Phase 4: SPECIFICATION
Input: Flow trace from Phase 3
Output: business-rules.md, data-contracts.md, component-spec.md
Synthesize the traced algorithm into tech-agnostic specs with reference IDs. See operations/output-templates.md for ID patterns and format specifications.
4.1 Extract Business Rules (BR-*)
Extract calculations (BR-CALC-), validations (BR-VAL-), decisions (BR-DEC-), and state transitions (BR-STATE-). Strip all tech-specific references. Config lookups that affect the logic ARE business rules (BR-DEC-*).
4.2 Extract Data Contracts (DC-*)
Extract inputs (DC-IN-), outputs (DC-OUT-), state (DC-STATE-), and cross-system contracts (DC-XSYS-). Cross-system boundary contracts are the most important -- get these right.
4.3 Extract Edge Cases (EC-) and Error States (ERR-)
From the flow trace's error paths and decision points, catalog all edge cases and error states.
4.4 Extract Interaction Flows (FLOW-*)
High-level flow patterns from the sequence diagram. Reference trace steps by number.
4.5 Abstract Personas
Replace tech-specific actors: user types become [User], admins become [Admin], services become [System].
4.6 Write Specification Artifacts
Write business-rules.md, data-contracts.md, and component-spec.md (unified spec with cross-references).
Mode behavior:
- YOLO: Execute automatically. Mark ambiguous classifications with
[AUTO - review recommended]. - Guided: Pause after 4.6 for business rule classification review.
- Interactive: Review at each sub-step boundary.
Update state: phase: 4, add artifacts to artifacts_generated. Log: Phase 4 complete -- {N} business rules, {M} data contracts, {P} edge cases. Proceeding to Phase 5.
Phase 5: EPIC GENERATION
Input: Specification artifacts from Phase 4
Output: epics.md
5.1 Group by Data-Flow Dependency
Order epics so upstream capabilities come first: data providers before consumers, shared types before services, core logic before edge cases.
5.2 Generate BMAD-Format Epics
Each epic maps to a logical chunk of the traced flow. See operations/output-templates.md for the epic/story template and YAML frontmatter format.
5.3 Cross-Reference Everything
Every story references BR-, DC-, EC-/ERR-, FLOW-* IDs and depends-on links to other stories.
5.4 Write epics.md
Mode behavior:
- YOLO: Generate automatically.
- Guided: Present epic structure for review before writing.
- Interactive: Collaborate on epic grouping and story definitions.
5.5 Finalize State
Update .stackshift-state.json:
- Set
status: "complete",phase: "complete". - Record all
artifacts_generated. - Set
completed_attimestamp.
On failure at any phase, set status: "failed" with an error field describing the failure and the phase where it occurred.

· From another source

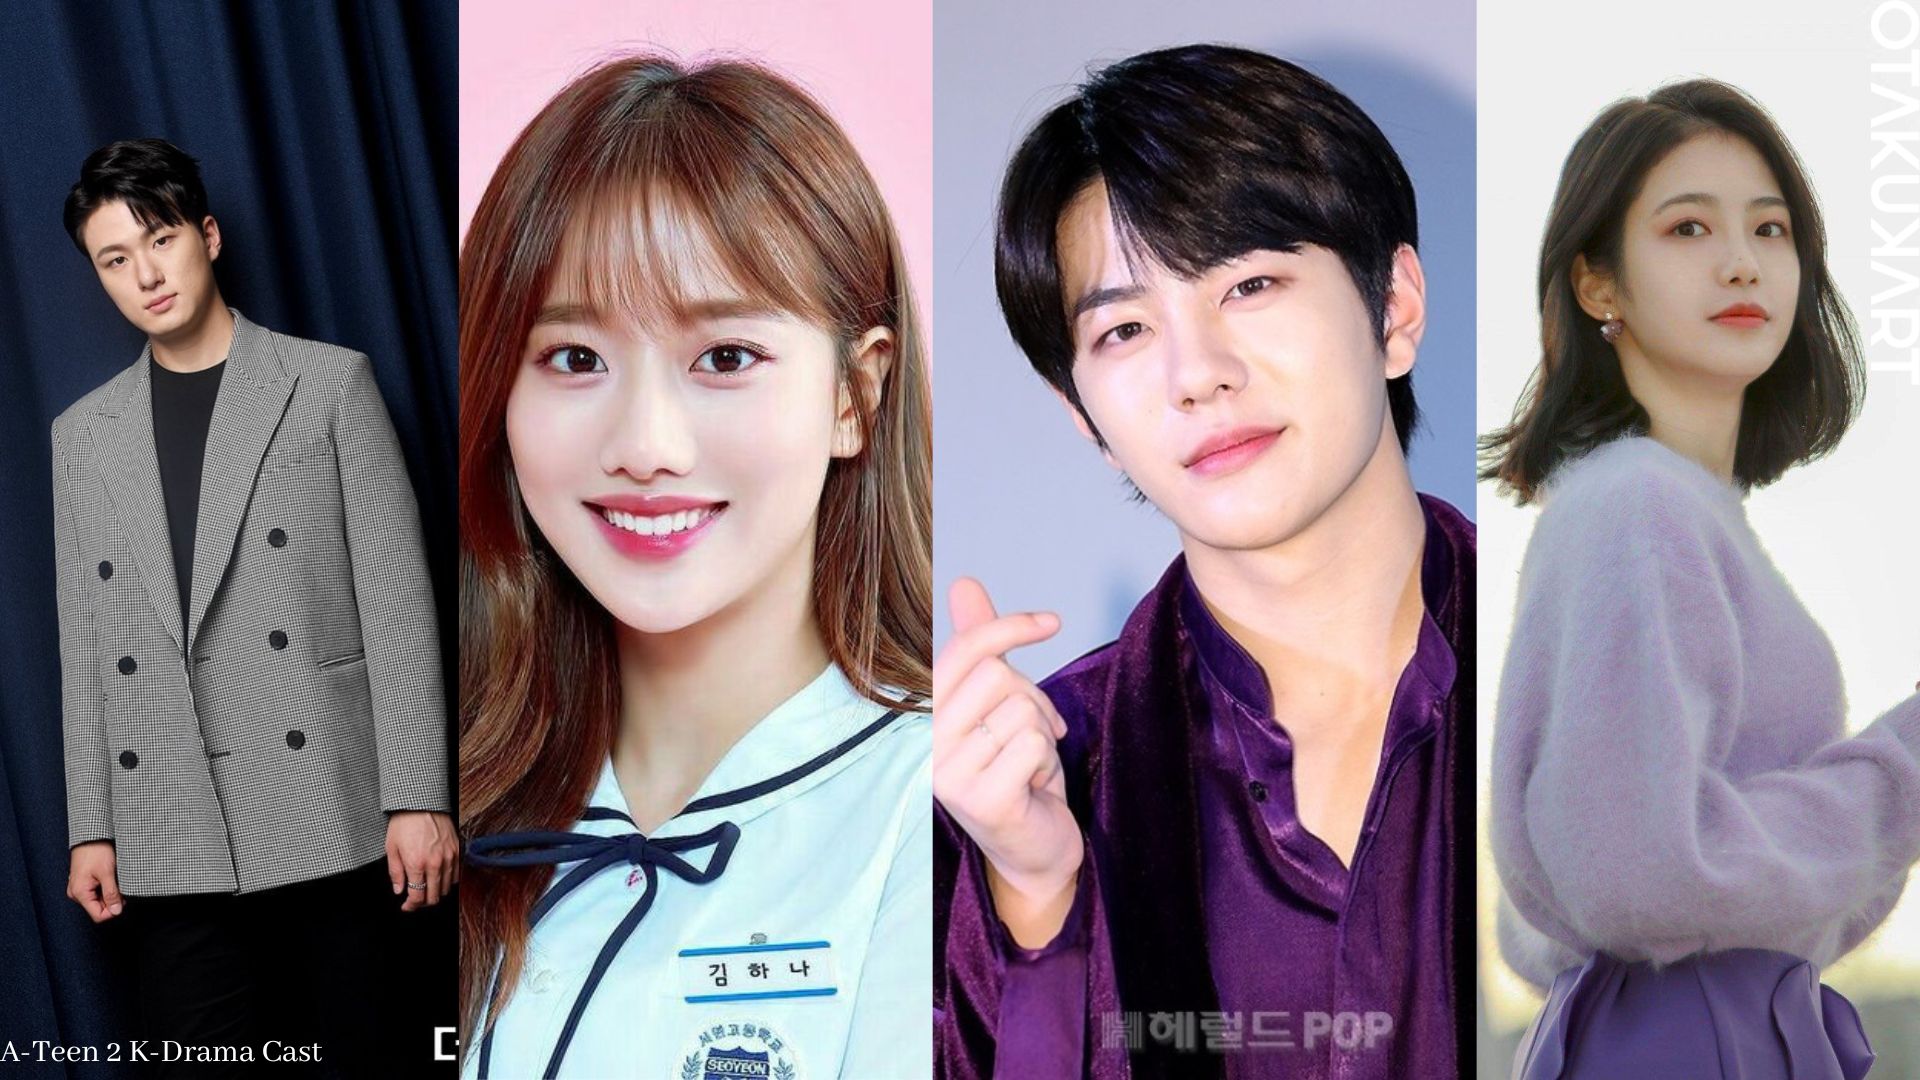 A-Teen 2 K-Drama Cast: Know All About Them!

Log: Phase 5 complete -- generated {N} epics with {M} stories. All 6 artifacts written to _logic-extract/.
State Management
Update .stackshift-state.json after each phase completes:
{
"logic-extract": {
"status": "in_progress",
"phase": 3,
"mode": "guided",
"extraction_prompt": "How does dealer config inheritance work?",
"repos_confirmed": 4,
"artifacts_generated": ["extraction-manifest.md", "flow-trace.md"],
"started_at": "2026-02-23T10:00:00Z",
"last_updated": "2026-02-23T10:25:00Z"
}
}
Status values: in_progress, complete, failed.
Phase values: 0 (kickoff), 1 (recon), 2 (discovery), 3 (trace), 4 (spec), 5 (epics), complete.
Edge Cases
See operations/edge-cases.md for handling of: single repo, 10+ repos, dead ends, circular references, no code access, clone failures, subagent failures, empty prompts, no starting points, no relevant code found, and stale state files.
Integration
See operations/integration.md for pipeline position, upstream/downstream contracts, and success criteria.

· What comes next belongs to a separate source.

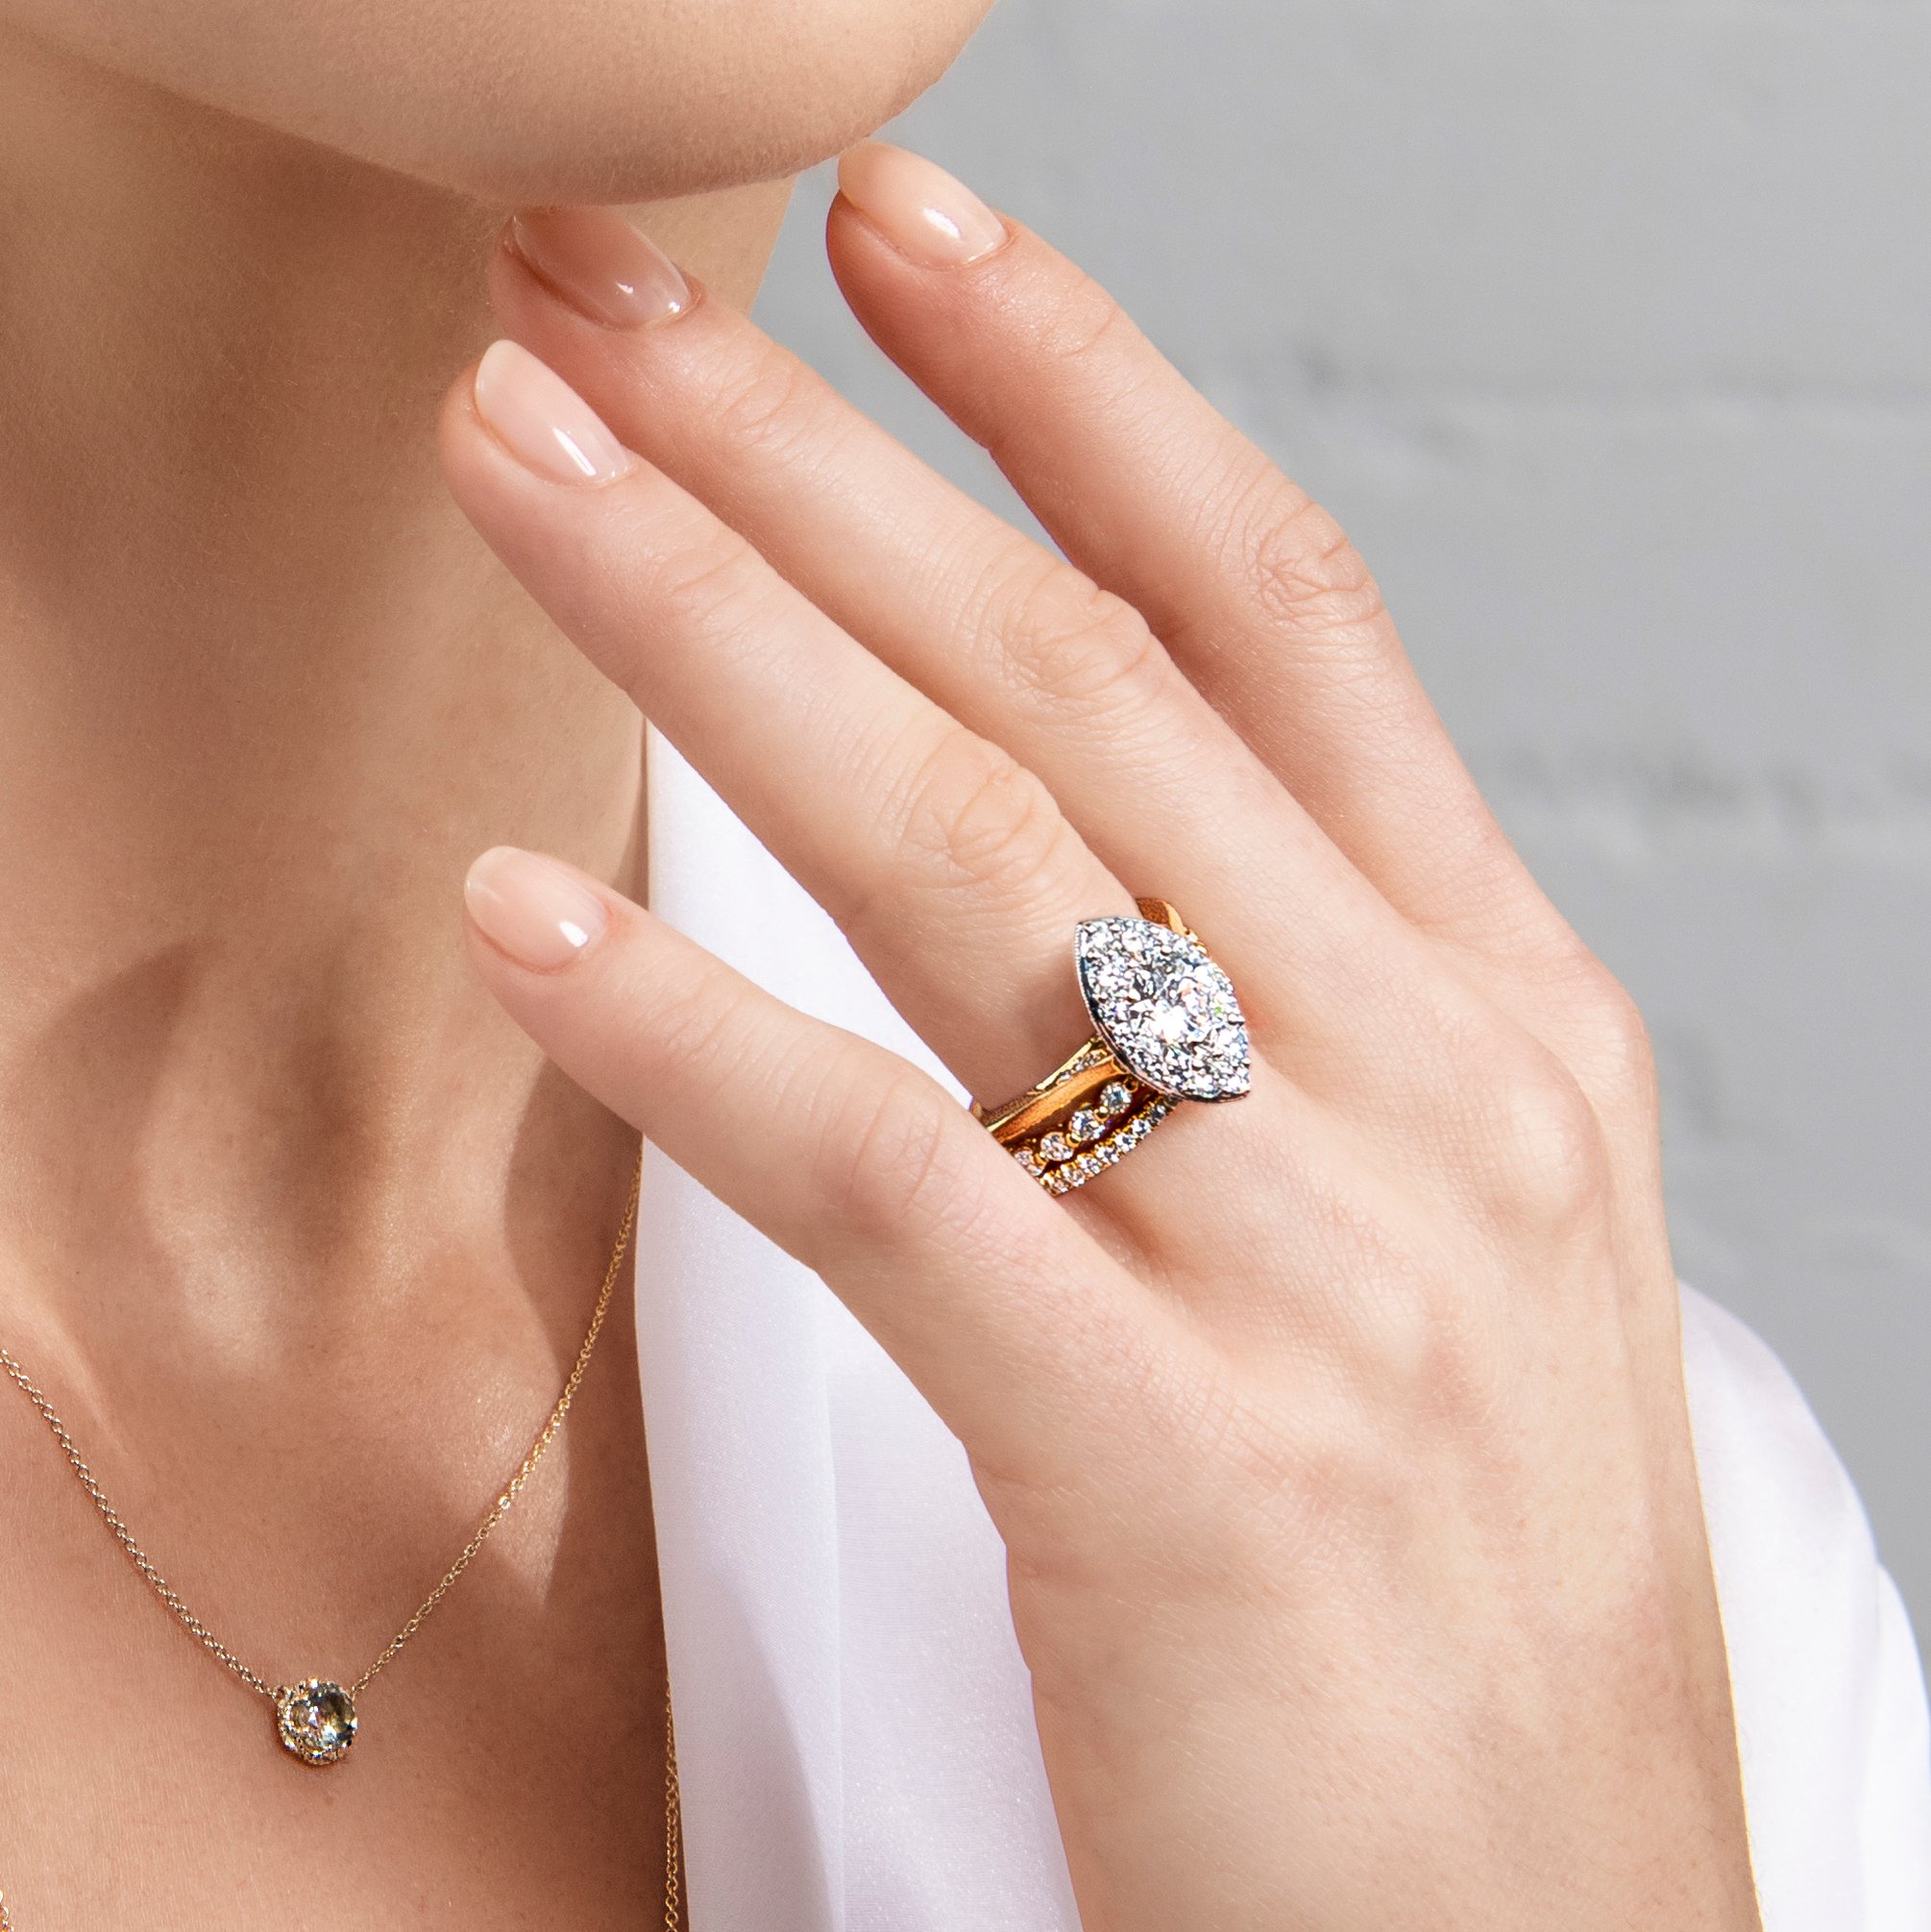 5 Hints for Taking an Effortless Engagement Ring Selfie

Key note: The portable-transplant skill reads from _portable-extract/, not _logic-extract/. To feed output into portable-transplant, copy component-spec.md and epics.md to _portable-extract/.
Technical Notes
- The extraction prompt is the filter for everything. Read it before exploring any file.
- Follow the data, not the call stack. What matters is what transforms and where.
- For repos with existing Reverse Engineer docs, prefer reading those over re-analyzing code.
- Cross-system boundary contracts (DC-XSYS-*) are the most important data contracts.